A) Percent stepping errors (%Error; Eq. (2), Methods) as computed with $[x^{\prime },y^{\prime }]$ set at different proportions of the gait cycle, starting from the location of the trailing foot (0; Fig. 2A) to the location of the leading foot (1; Fig. 2B). %Error data are for inside-to-outside (×) and outside-to-inside (∘) steps for circular paths of the same path radii as in Fig. 4 (i.e. $R_{Path}=\{6.00,1.50,0.75\}\mathrm{m}$). %Error magnitudes generally increased as $[x^{\prime },y^{\prime }]$ was shifted away from the mid-point between the feet (0.5) towards either the trailing foot (0.5 → 0) or leading foot (0.5 → 1). Trends for inside-to-outside steps were opposite to those of outside-to-inside steps. B) Universal Symmetry Index (USI; Eq. (3), Methods) values reflecting relative asymmetries between inside-to-outside and outside-to-inside steps for the data shown in (A). Step widths and step lengths were symmetrical only when $[x^{\prime },y^{\prime }]$ was taken at the midpoint between the feet (0.5), and strongly asymmetrical otherwise, especially for step widths.

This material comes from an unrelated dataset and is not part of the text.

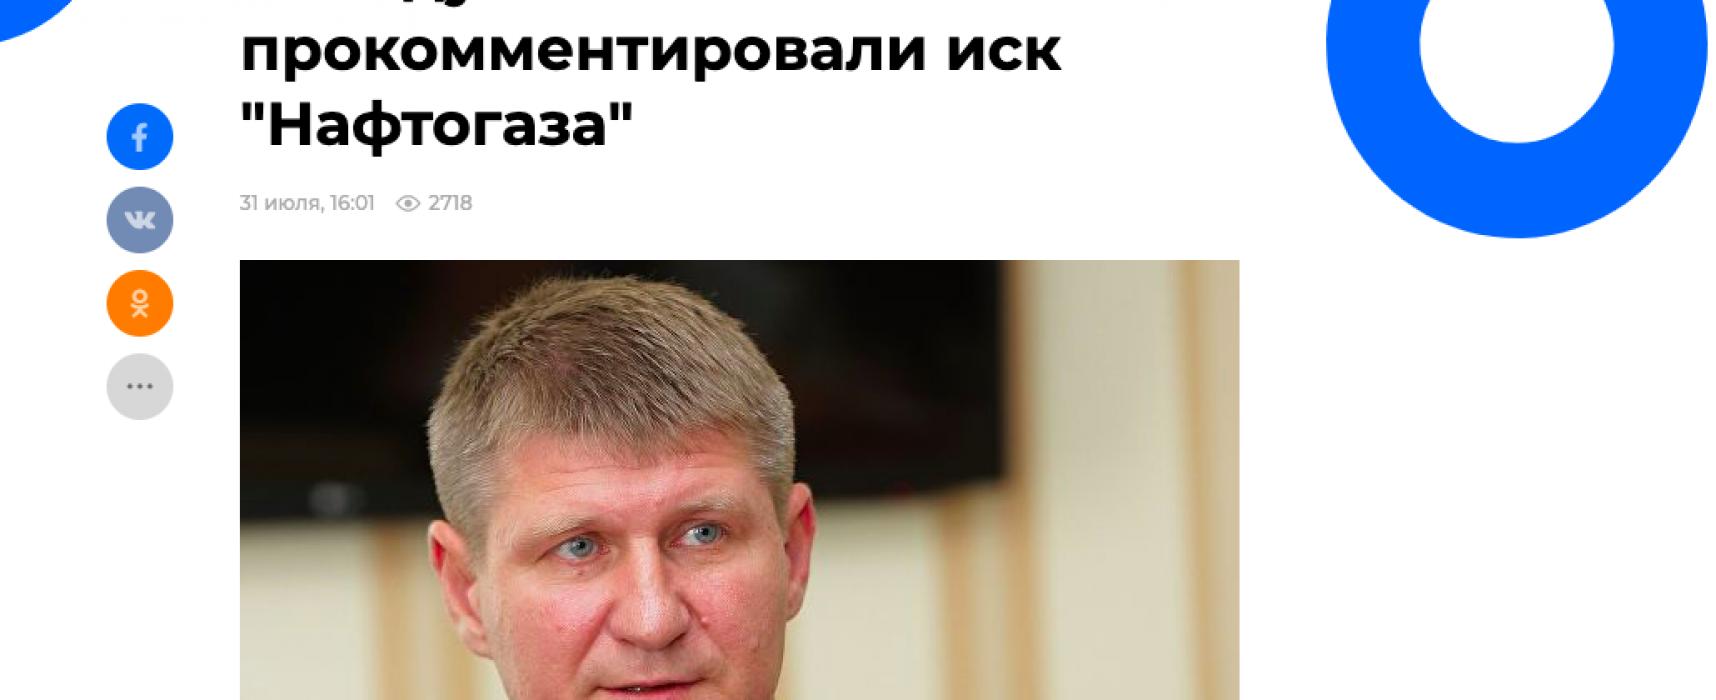 Fake: Ukrainisches Staatsunternehmen Naftogaz erkennt russische Krim-Annexion an

Figure 8 –. Continuous Walking Along an Arbitrary Path:

A single sequence of 32 consecutive steps was constructed to walk along a curvilinear path defined as a 5^th order polynomial (see Methods). General direction of progression is from left to right. Panels (A) and (B) show the exact same sequences of steps. A) Huxham defined “stride widths” $(w_H)$ and step lengths $(l_H)$ for this stepping sequence. B) The corresponding proposed step widths $(w_P)$ and lengths $(l_P)$ for the same stepping sequence. C) %Errors at each step for both step widths (◊) and lengths (∘), as computed following the Huxham convention. D) Corresponding %Errors at each step, as computed following the proposed convention. For both methods, the largest errors occurred at points of sharpest curvature, consistent with Figs. 4-5. Across all steps in this sequence, %Errors were consistently ~order-of-magnitude smaller for the proposed convention than for the Huxham convention, also consistent with Figs. 4-5. This was confirmed by computing the median (med) absolute %Error (i.e., $\mid \%\text{Error}\mid$) across all steps in the sequence, as indicated on each plot.